To better manage M&A deals and attract financing in innovative ways, leading energy and mining firms are using data rooms to share confidential documents like contract drafts, engineering drawings, and site photos. A properly configured data room plays a key role in coordinating secure communication across internal and external stakeholders such as board members, financers, bidders, accountants, and lawyers.
We asked our energy and mining clients to tell us about emerging trends in their industry, and how they are using virtual data rooms beyond the more traditional uses of M&A deals and corporate financing applications:
EPC firms are increasingly bidding as project sponsors
Engineering, procurement and construction (EPC) firms are more often participating in the development stage as potential partners that can use their balance sheets to help finance projects. This type of sponsorship by EPC firms is a bid to secure a steady source of future revenue, by offsetting some of the start-up costs and operational expenses in capital intensive projects.
A data room provides a space to invite EPC firms to review documents to better prepare their bids, and makes it easier for host firms to invite more firms to participate.
More involvement with government to utilize tax credits and secure grants
Governments worldwide are putting money into projects that support economic growth and employment.

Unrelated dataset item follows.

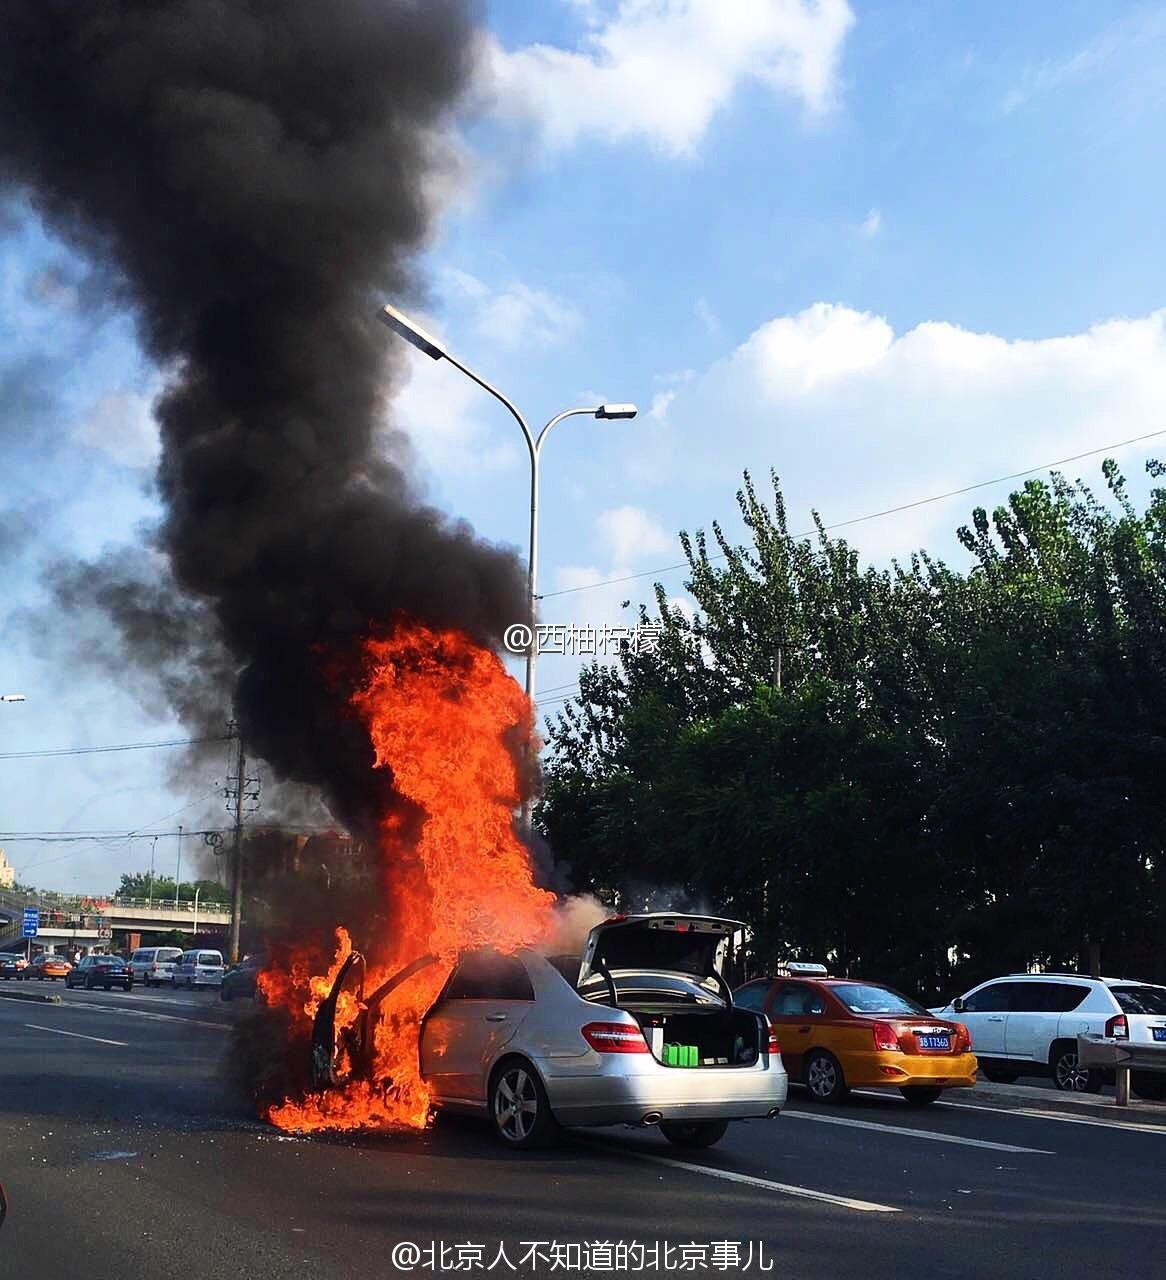 北四环西向东方向宜家正对面汽车着火燃烧 四环堵车

The US federal government created the American Recovery and Reinvestment Act of 2009 (ARRA) with a range of alternative financing including credits, guarantees, and cash grants. Incentives are also common at the municipal level, with financing options across “prepaid energy” funding, tax-exempt bond financing, and lease finance structures.
The data room organizes documents for applications, and can provide reporting on what documents have been reviewed.
Renewable energy firms negotiating prepaid power purchase agreements
Many renewable energy firms with limited capital that might have traditionally considered bank debt or private equity are now moving towards prepaid power purchase agreements (PPA) as an alternative low-cost financing structure. A prepaid PPA gives energy firms a long-term prepayment of electric power from off-takers that have access to a low-cost source of funds. This takes the job of securing long-term project financing out of the hands of the developer and puts it into the hands of the project’s off-taker – who negotiates a price discount with the developer in exchange for pre-payment.
An unlimited use data room enables firms to invite participation from as many parties as they choose, so they have a better chance of securing the best deal.